Your mileage will vary, but I basically do this with kotlin and docker in Windows 10 with Intellij ultimate. I transitioned that project from linux a few months back and other than some gradle fuckery and changing accomodating docker's general Windows/Linux differences it with was surprisingly painless. Just make sure you have Windows 10 pro because home doesn't support the virtualization needed for docker.

DrPossum
May 15, 2004

i am not a surgeon

suffix posted:

lead javascript guy thinks http redirects is something programmers havee to write code to manually handle because apparently the node stack is just that broken?

i gis'd "lead javascript guy" and this is what i got

CPColin
Sep 9, 2003

Big ol' smile.
Turn your webcam off

Soricidus
Oct 21, 2010
freedom-hating statist shill

Nomnom Cookie posted:

or use a big boy language like java that supports threads and types and has sophisticated concurrent data structures. this shits not hard devs just gotta reinvent that wheel

you can even compile it into a single self contained binary these days with graalvm. or run it straight from the source code like a plang if you’re allergic to compilers. java good

Private Speech
Mar 30, 2011

I HAVE EVEN MORE WORTHLESS BEANIE BABIES IN MY COLLECTION THAN I HAVE WORTHLESS POSTS IN THE BEANIE BABY THREAD YET I STILL HAVE THE TEMERITY TO CRITICIZE OTHERS' COLLECTIONS

IF YOU SEE ME TALKING ABOUT BEANIE BABIES, PLEASE TELL ME TO

EAT. SHIT.


Soricidus posted:

you can even compile it into a single self contained binary these days with graalvm. or run it straight from the source code like a plang if you’re allergic to compilers. java good

when you think about it even (visual/CLI) c++ can be a plang imhbo*

*in my humble butt opinion

Powerful Two-Hander
Mar 10, 2004

Mods please change my name to "Tooter Skeleton" TIA.


yeah Blazor is not quite there yet I don't think.

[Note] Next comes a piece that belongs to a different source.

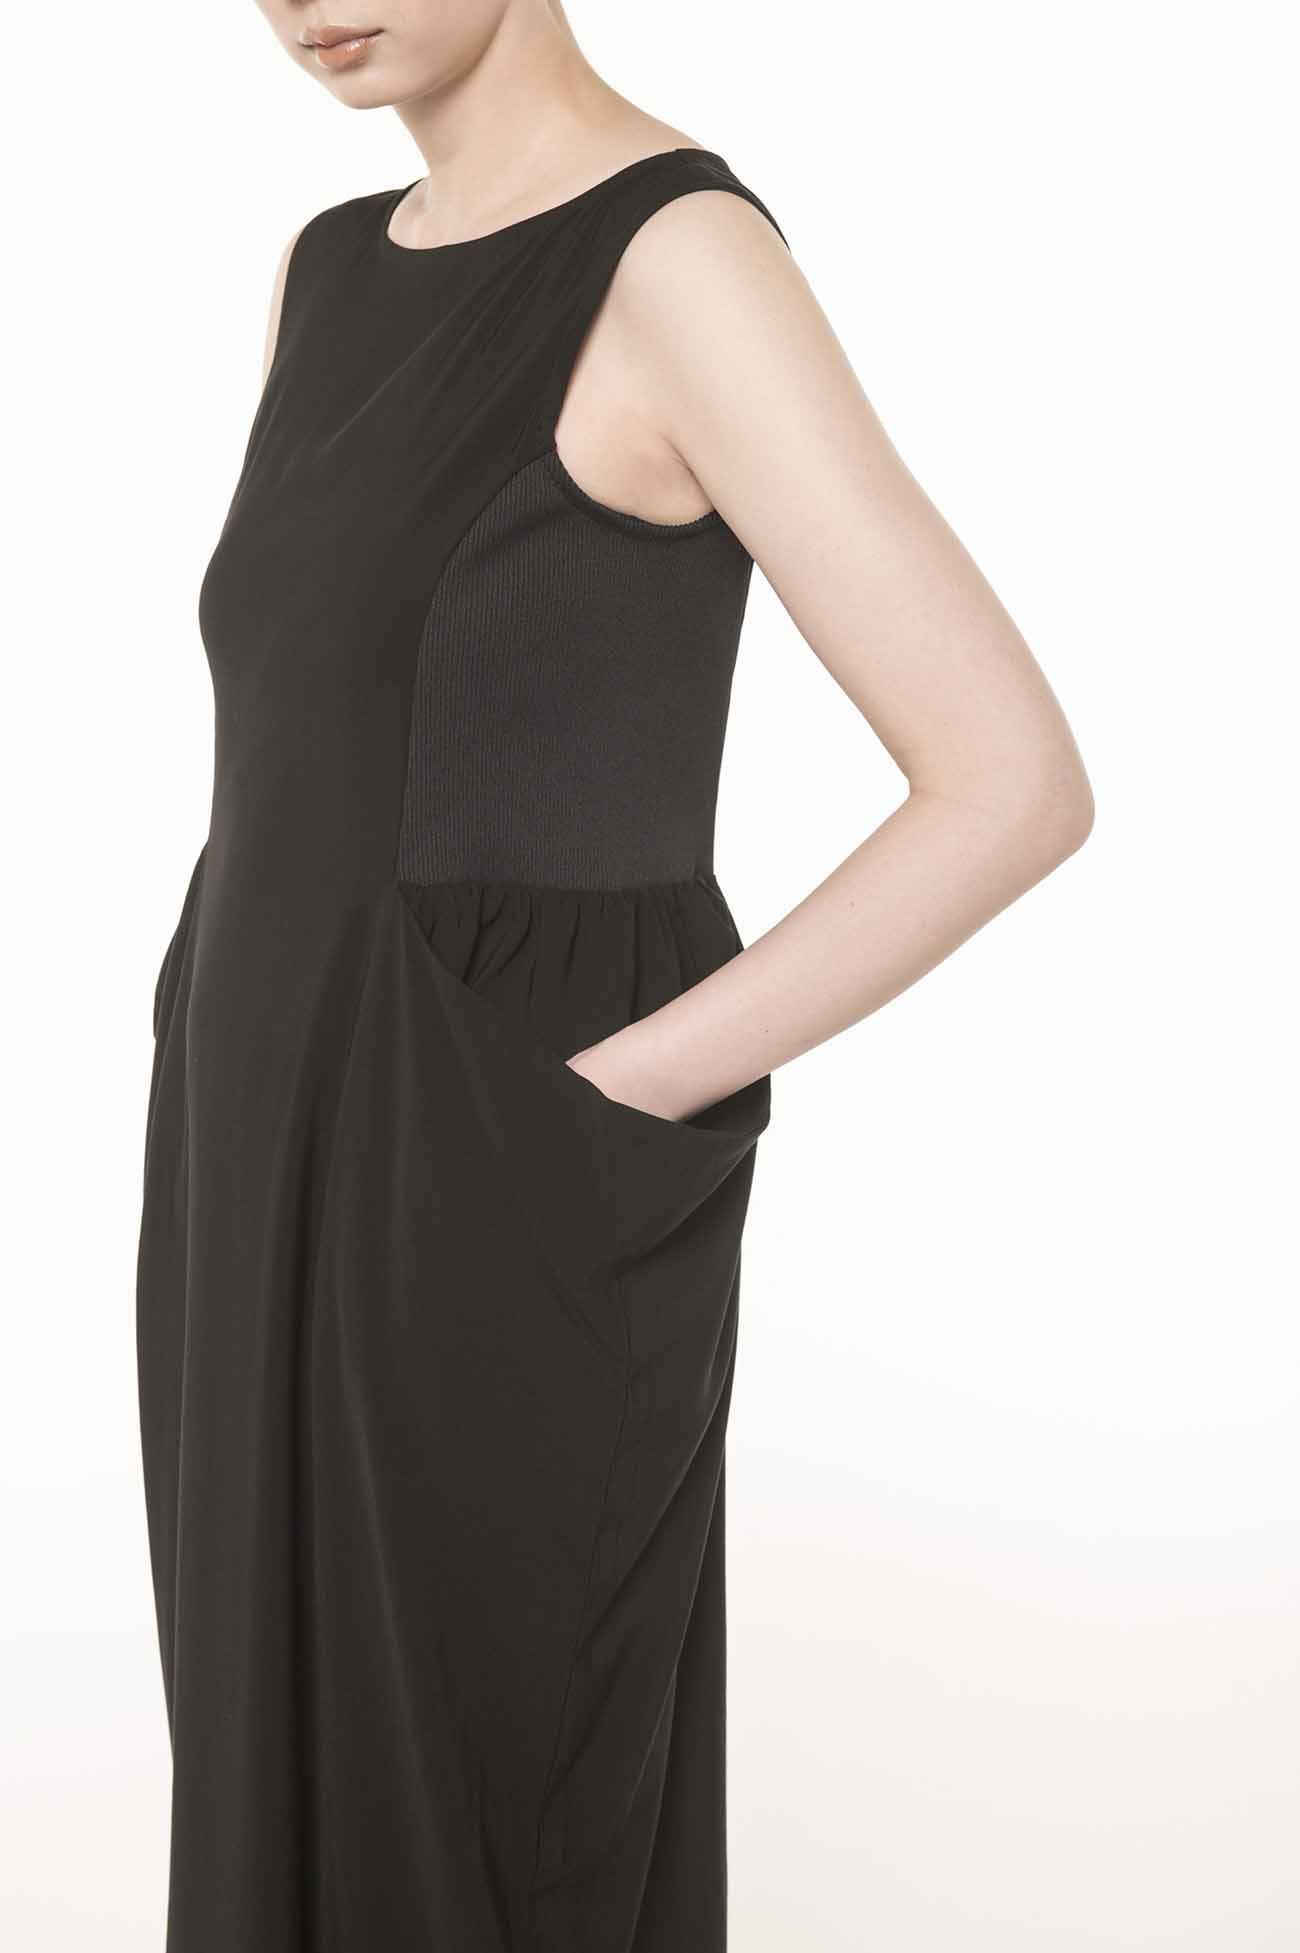 Ry/Cu ギャバタレポケットドレス

It'll be cool if it does a take off a bit more though because a big pain point with c# mvc is having to glue poo poo together with bits of javascript if you're doing anything dynamic like adding elements to a list in a form on click, and while it's not hard (and the partial view engine and some extensions to how collections are managed make it way easier), it's like laying a trap for yourself when you change a class structure and then gently caress a view you forgot about.

when I tried using it it was really good for this because you basically just add a new element to your base list and the framework auto renders a new element or whatever, but the handling of nested objects was loving horrible with loads of passing of functions around up and down all with the wonderful "lol no compiler warnings until you run and get a stack barf" weakness of cshtml and the bonus of not being able to make changes without restarting like you could with razor

abraham linksys
Sep 6, 2010

:darksouls:

DrPossum posted:

Your mileage will vary, but I basically do this with kotlin and docker in Windows 10 with Intellij ultimate. I transitioned that project from linux a few months back and other than some gradle fuckery and changing accomodating docker's general Windows/Linux differences it with was surprisingly painless. Just make sure you have Windows 10 pro because home doesn't support the virtualization needed for docker.

good news/bad news on this one:

* good news: docker is moving to using wsl 2 as a host. unlike regular hyper-v, wsl 2 actually works on windows 10 home, which is pretty unexpectedly cool of ms

* bad news: intellij is still behind the curve on properly supporting wsl2, though, even compared to other jetbrains IDEs (https://youtrack.jetbrains.com/issue/IDEA-223986). that said, i guess if my source lives in windows, and is just mounted into docker-on-wsl, it should be okay, the same as what you have now?

i'm curious to know more about your setup! does intellij have built-in stuff for running inside docker you're using (debugging/running tests/etc)? i think i understand how you'd normally use docker for development on the command line (have a build folder with the app that's mounted into the docker fs, set up a dockerfile that just runs the app, restart docker any time you rebuild the app), but i don't really know how it'd work with intellij, especially the testing side of things.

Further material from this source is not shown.